Когда под Новый год он три дня лежал хворый, в жару, и куры в поисках корма топтались по его перине, какой-то сердобольный посетитель протопил в горнице изразцовую печь.
Старик что-то невнятно бормотал, но посетитель так и не понял, с какой стати нужно тащить в подпол воду и хлеб, однако ж в уплату за то, что протопил печь, прихватил три бутылки шнапса, коробку подковных гвоздей, топор и овчинный полушубок, а на прощание рассказал болящему, что во время налета бритоголовых был убит моорский угольщик.
— Знали бы эти плешаки, что ты тут один-одинешенек за печкой лежишь! — говорил посетитель. — Скажи спасибо, что они про это не ведают. Собачий Король велел облаву устроить на мерзавцев, радиограмму на равнину послал, а Телохранителя отрядил на собрание, чтоб объявил всем: мол, карательная экспедиция на подходе...

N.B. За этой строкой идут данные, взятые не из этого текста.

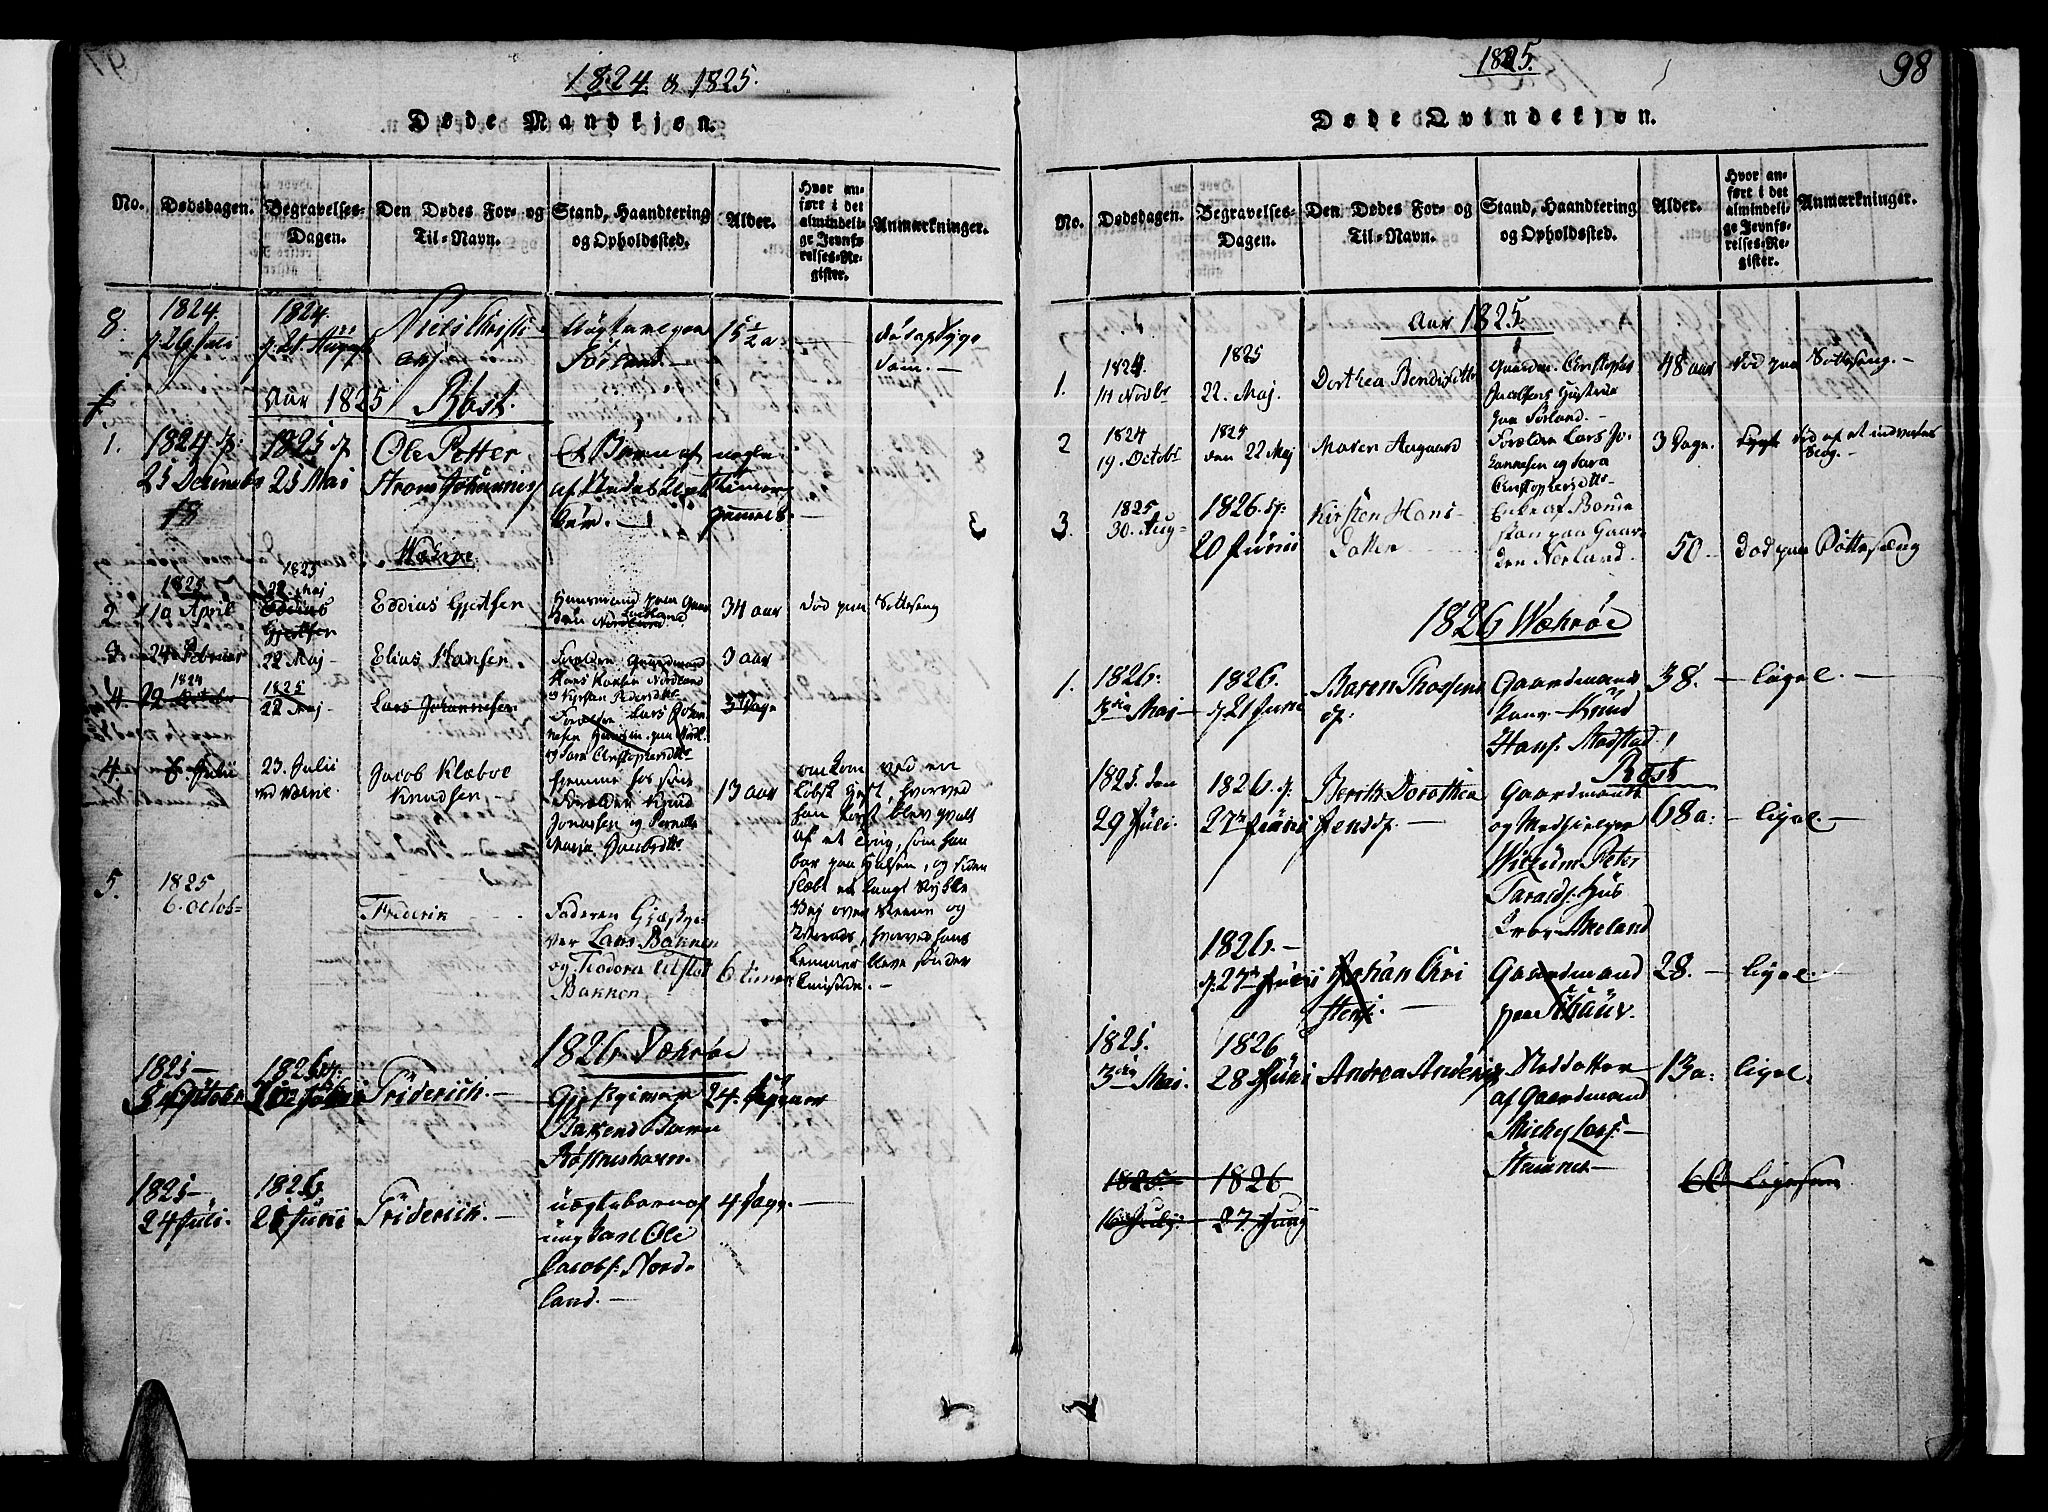 SAT, Ministerialprotokoller, klokkerbøker og fødselsregistre - Nordland, 807/L0120: Ministerialbok nr. 807A03, 1821-1848, s. 98

Кузнец не очень-то понимал, о чем ему рассказывают, но согласно кивал.
Через десять дней после кремации угольщика — она была совершена по обряду общины кающихся перед каменными буквами Великой надписи и закончилась развеиванием пепла над озером — на моорской набережной появилась армейская колонна в белых маскхалатах. Во время состоявшейся перед секретариатом церемонии подъема флага Беринг насчитал больше восьми десятков солдат. Базовый лагерь, как обычно, разместился в руинах гостиницы «Бельвю», и в ближайшие дни большие и малые отряды прочесывали округу. Угольщиковых убийц они, правда, не нашли, но в заброшенных соляных копях под Ляйсом взяли под стражу семерых бродяг, а у лесной дороги в Самолетную долину совершенно случайно обнаружили склад боеприпасов, оставшийся с военных лет: многие тонны забытых артиллерийских снарядов, ручные противотанковые гранатометы и мины из арсеналов врага, побежденного десятилетия назад. Вход в пещеру был запорошен снегом и почти не виден под слоем промерзшей земли, а расчистили его только потому, что не в меру бдительный сержант принял обледенелый лисий капкан у обочины за взрывное устройство и поднял тревогу.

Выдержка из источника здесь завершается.